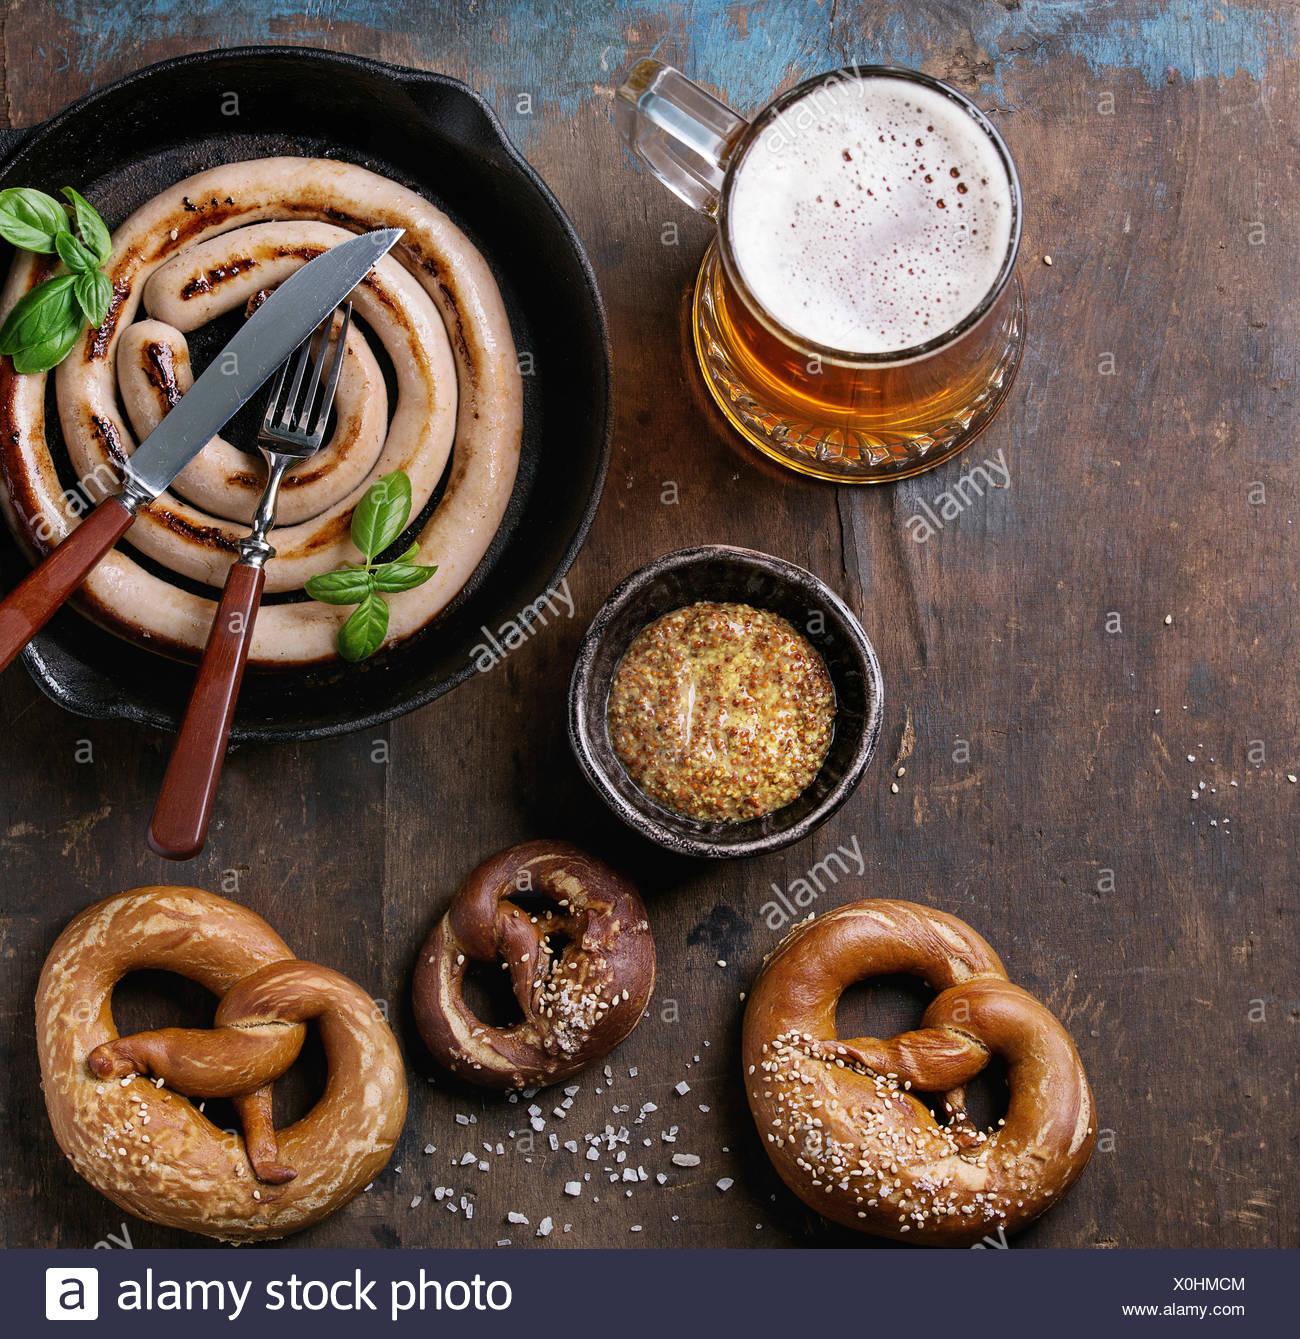 Lager-Bier mit Bratwurst in Pfanne mit Besteck und traditionellen gesalzenen Brezeln und Schüssel mit Senf über alte hölzerne dunklem Glas. Top vi Stockfoto
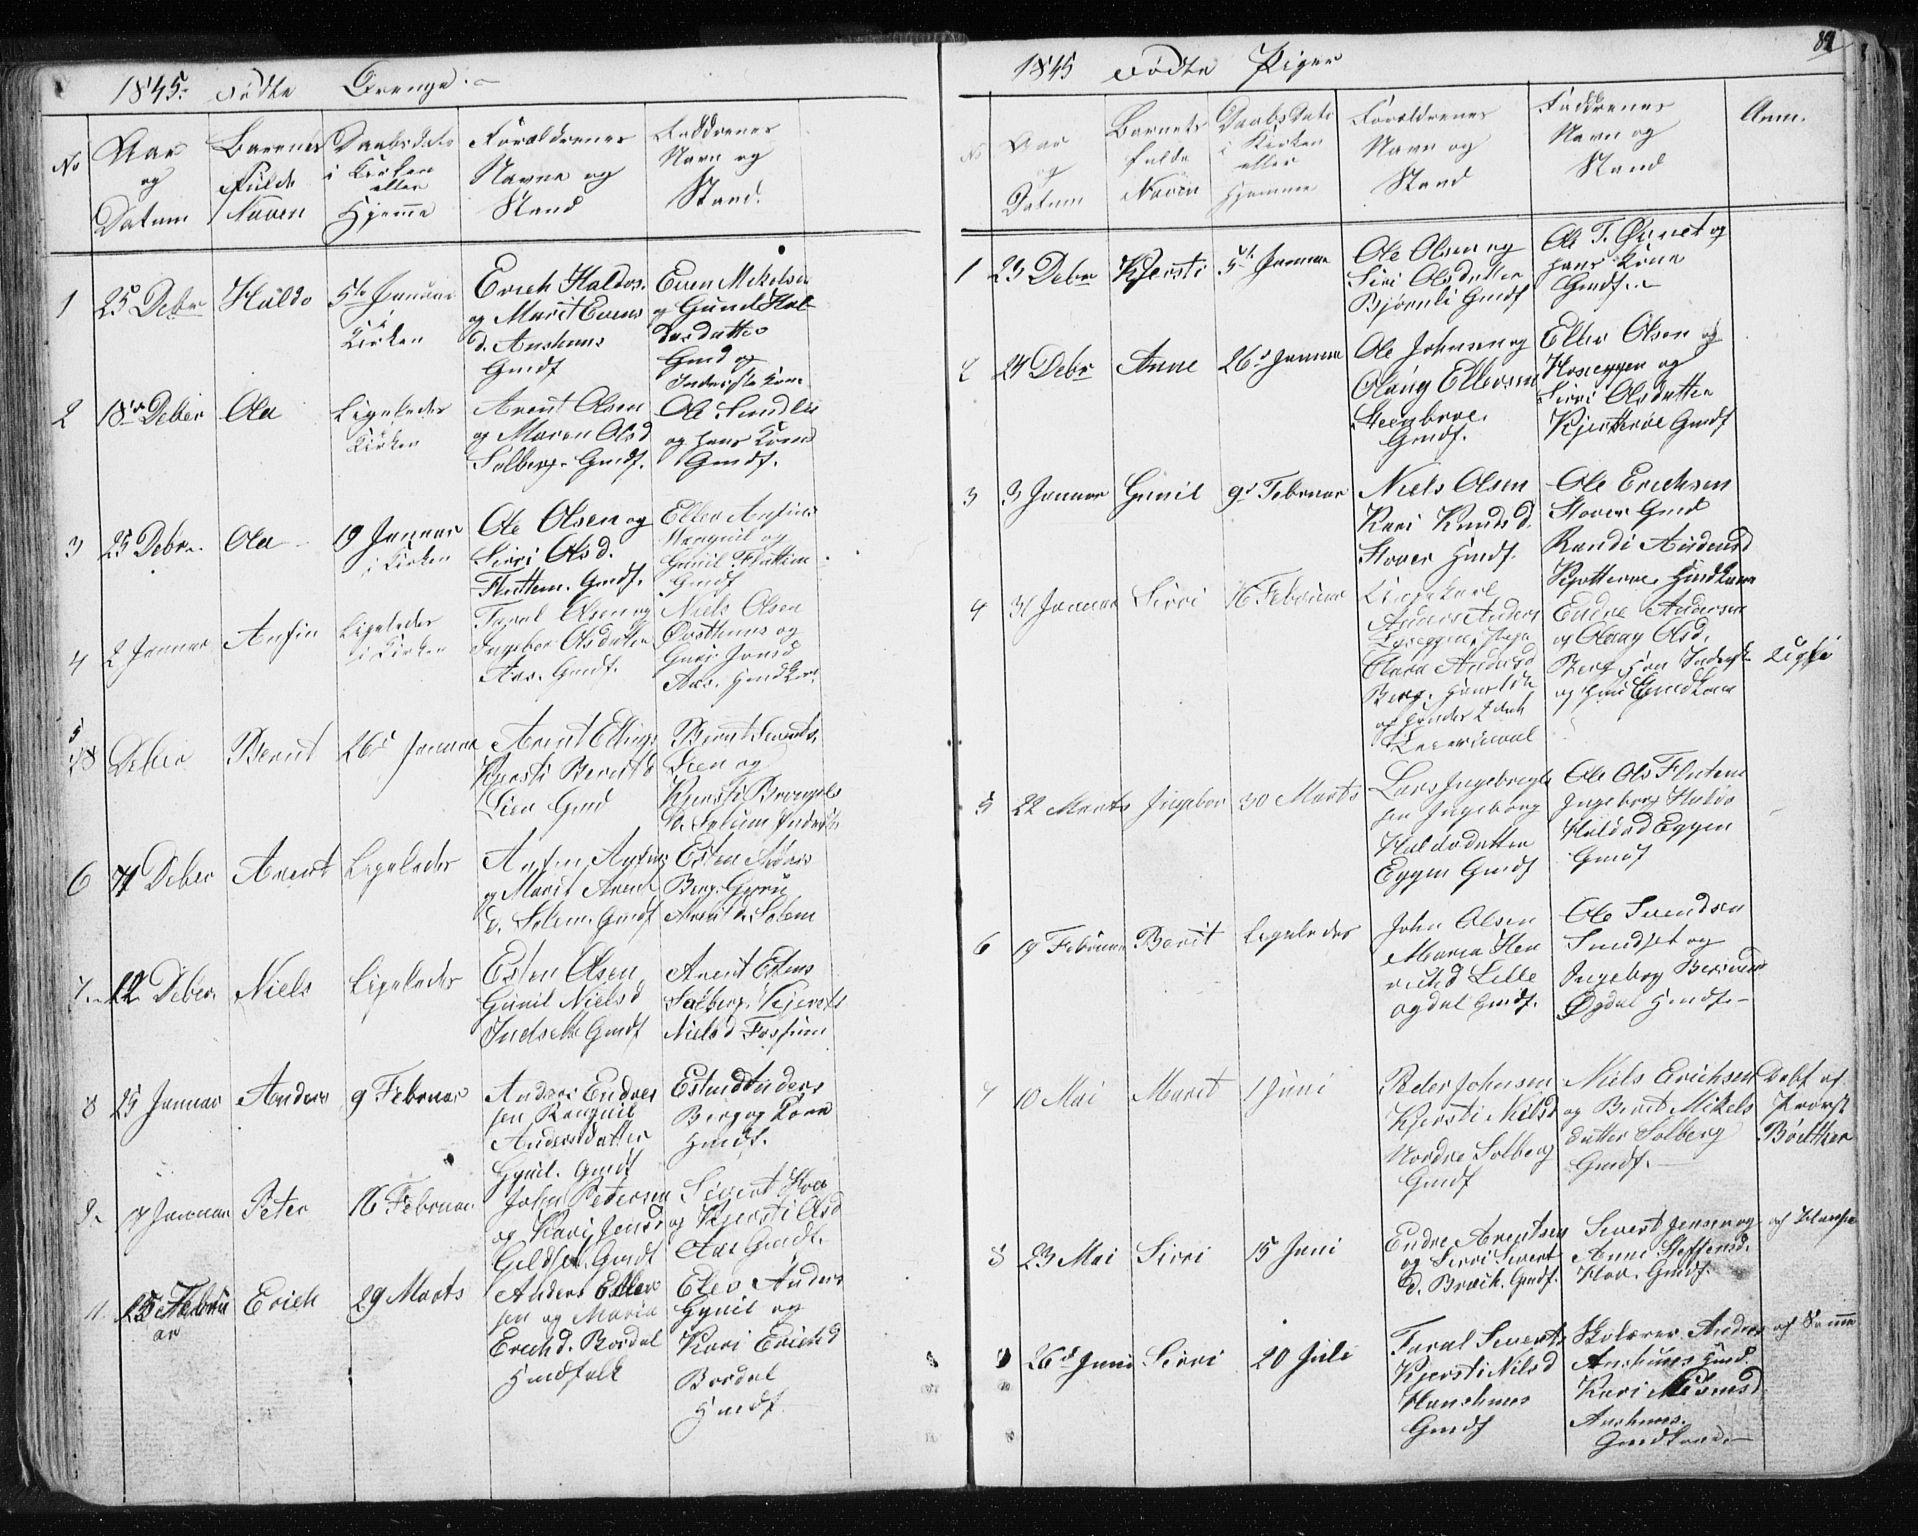 SAT, Ministerialprotokoller, klokkerbøker og fødselsregistre - Sør-Trøndelag, 689/L1043: Klokkerbok nr. 689C02, 1816-1892, s. 84
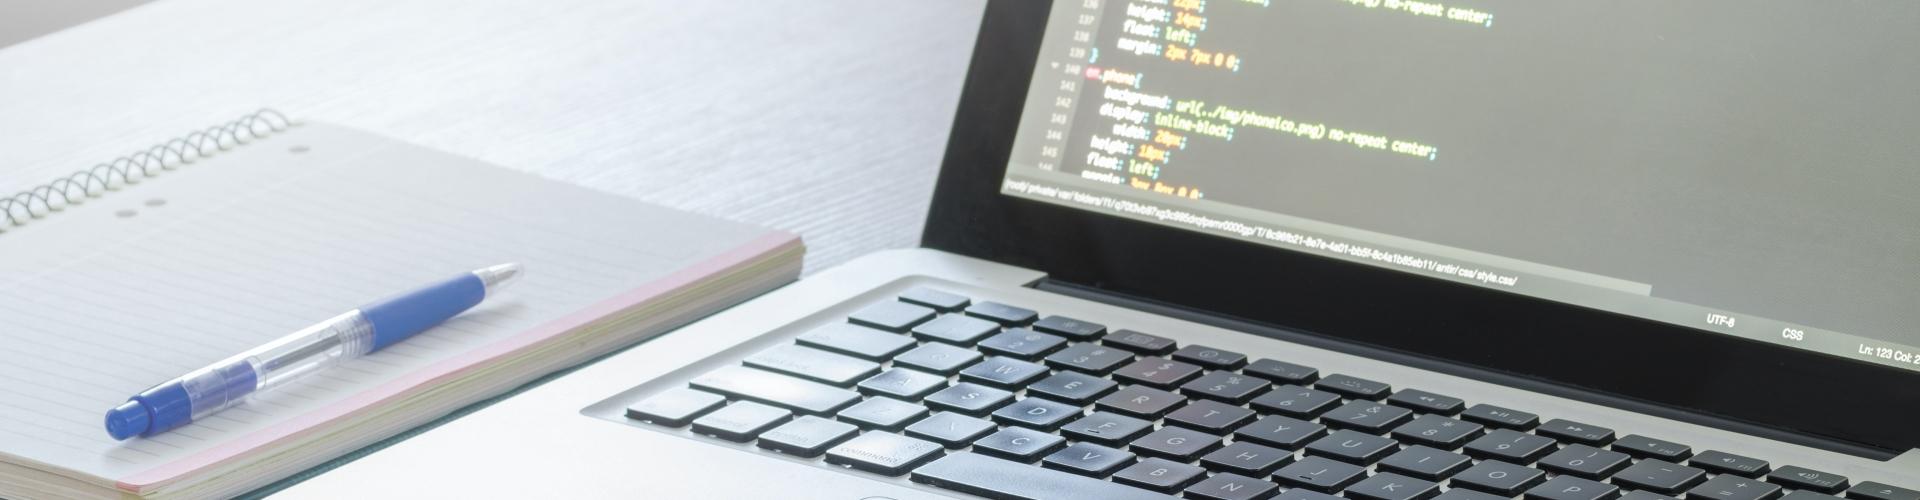 Web development cursus
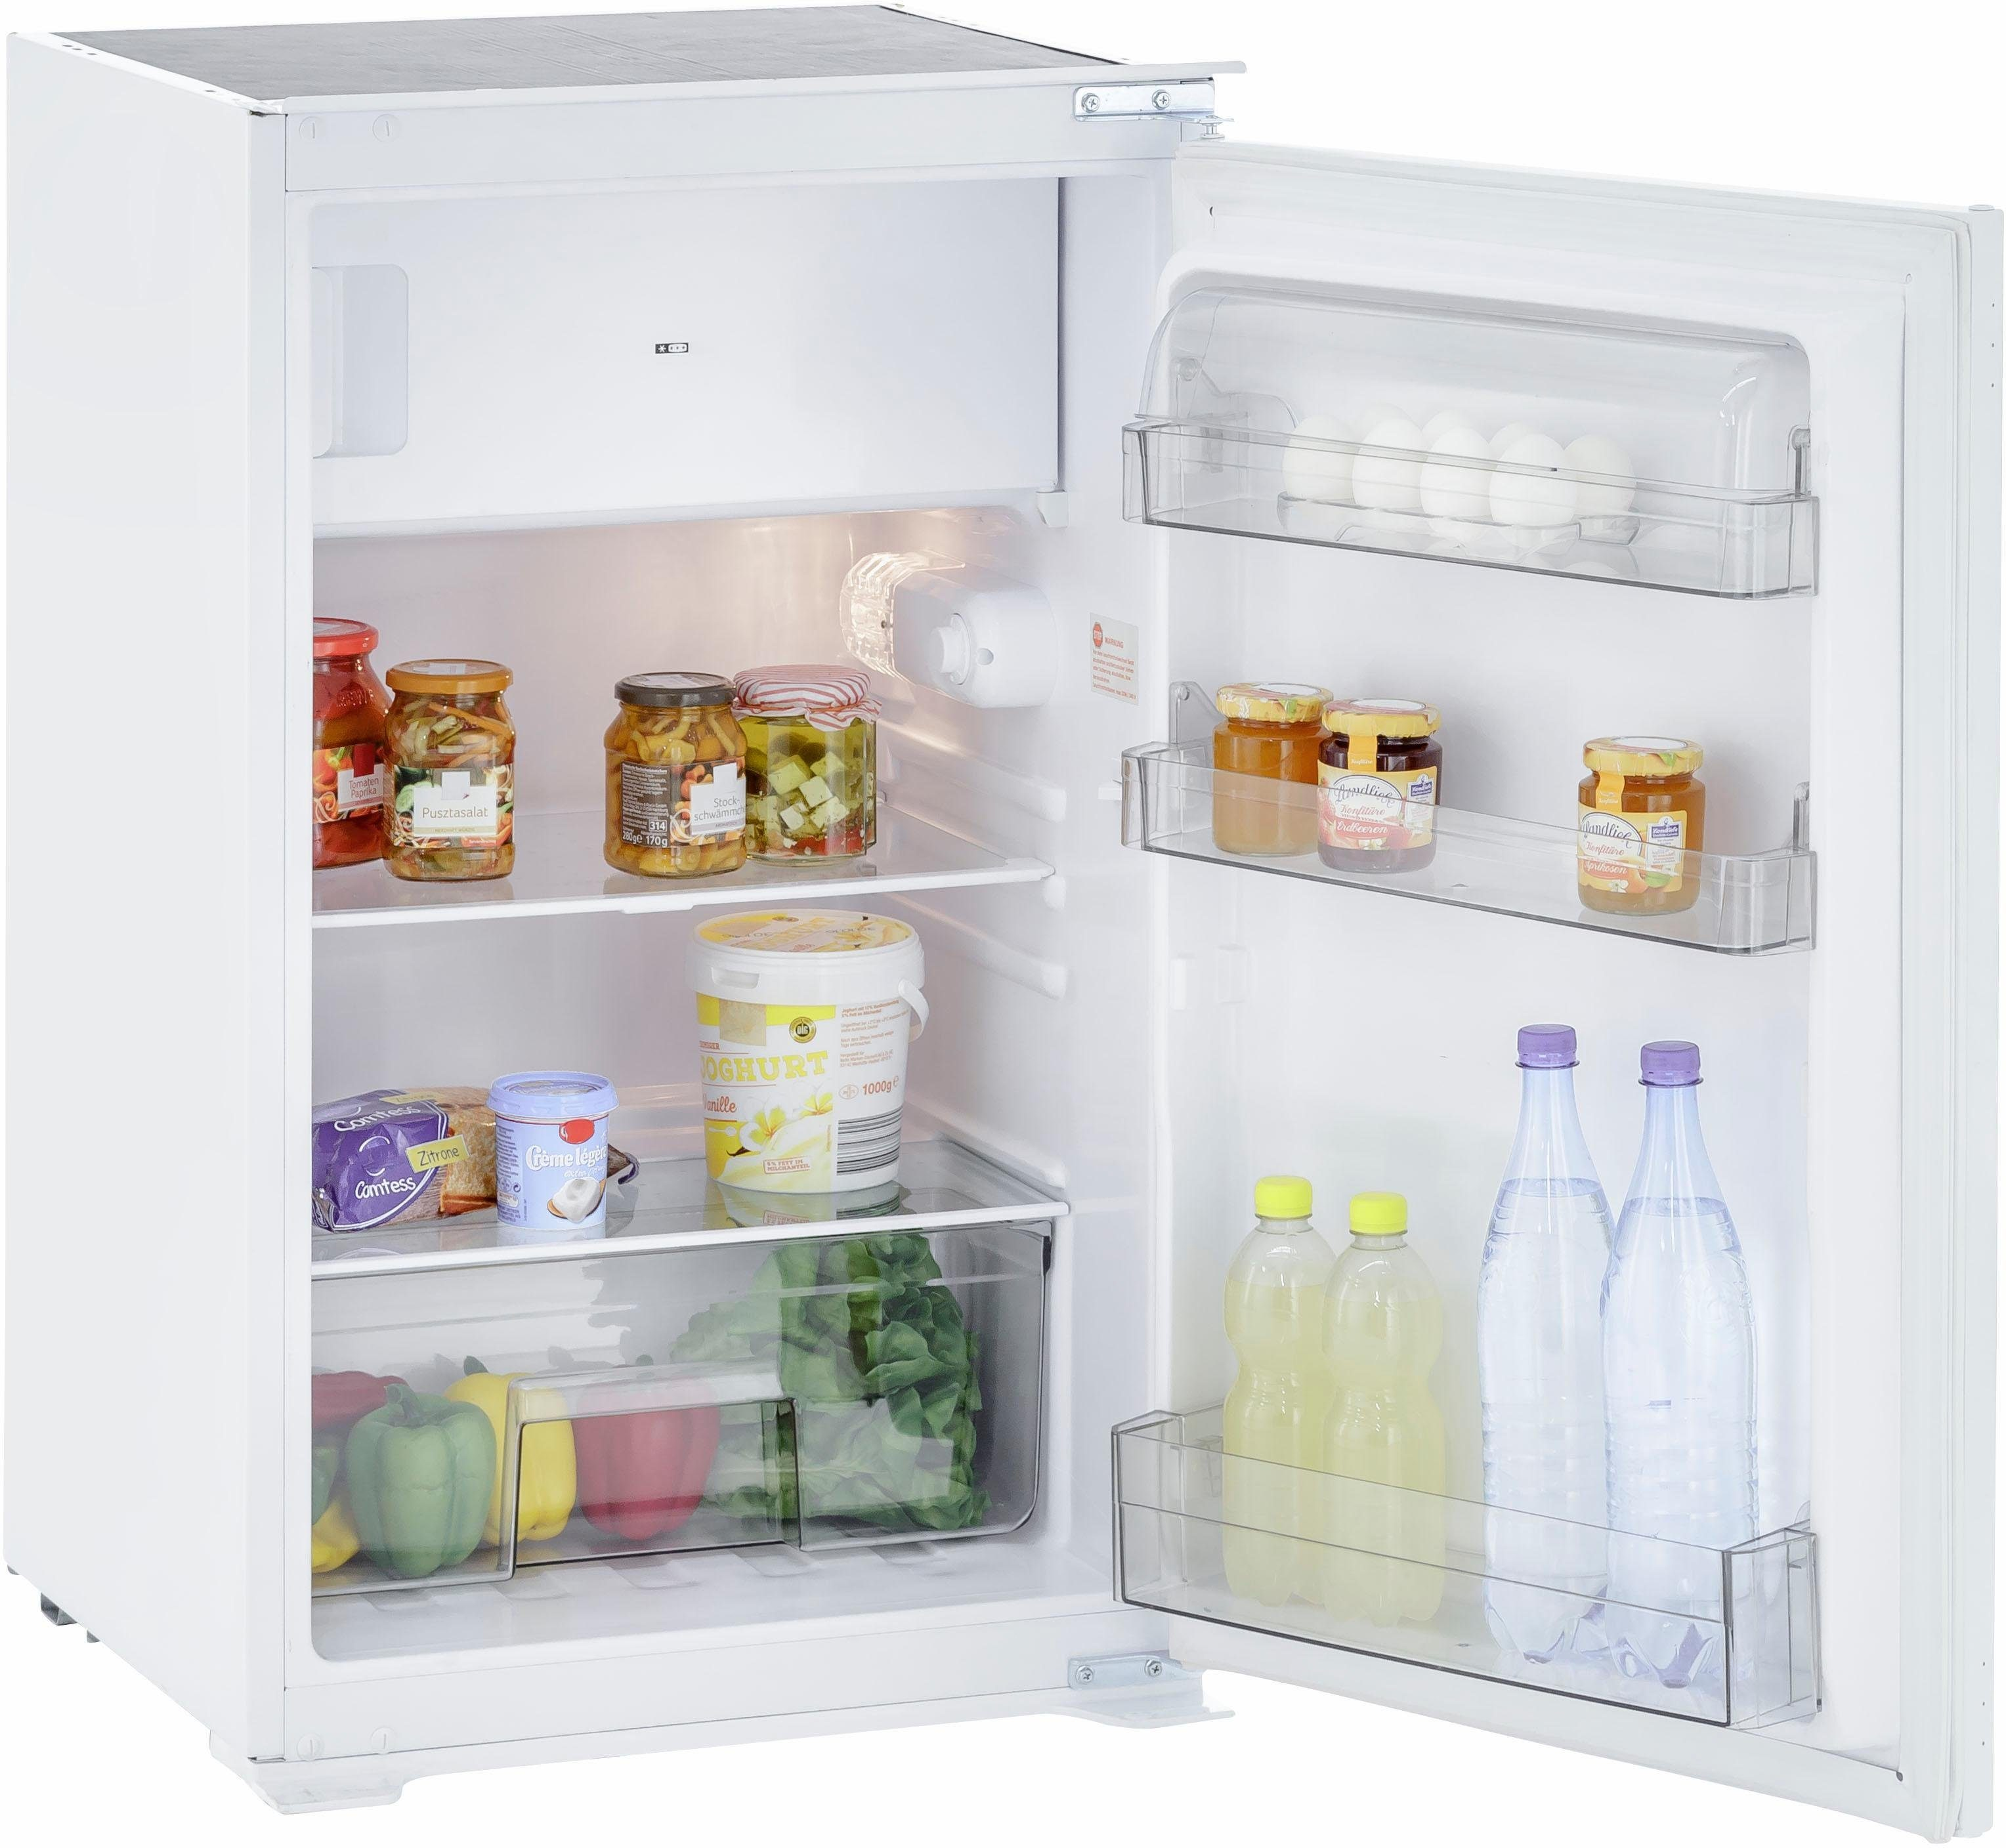 exquisit integrierbarer Einbau-Kühlschrank EKS 131-4.2 A++

+++++

(What the task asks)
In the copy, include no pictures, but repeat the listing exactly.

(Your solution)
 Lager-Bier mit Bratwurst in Pfanne mit Besteck und traditionellen gesalzenen Brezeln und Schüssel mit Senf über alte hölzerne dunklem Glas. Top vi Stockfoto
 SAT, Ministerialprotokoller, klokkerbøker og fødselsregistre - Sør-Trøndelag, 689/L1043: Klokkerbok nr. 689C02, 1816-1892, s. 84
 Web development cursus
 exquisit integrierbarer Einbau-Kühlschrank EKS 131-4.2 A++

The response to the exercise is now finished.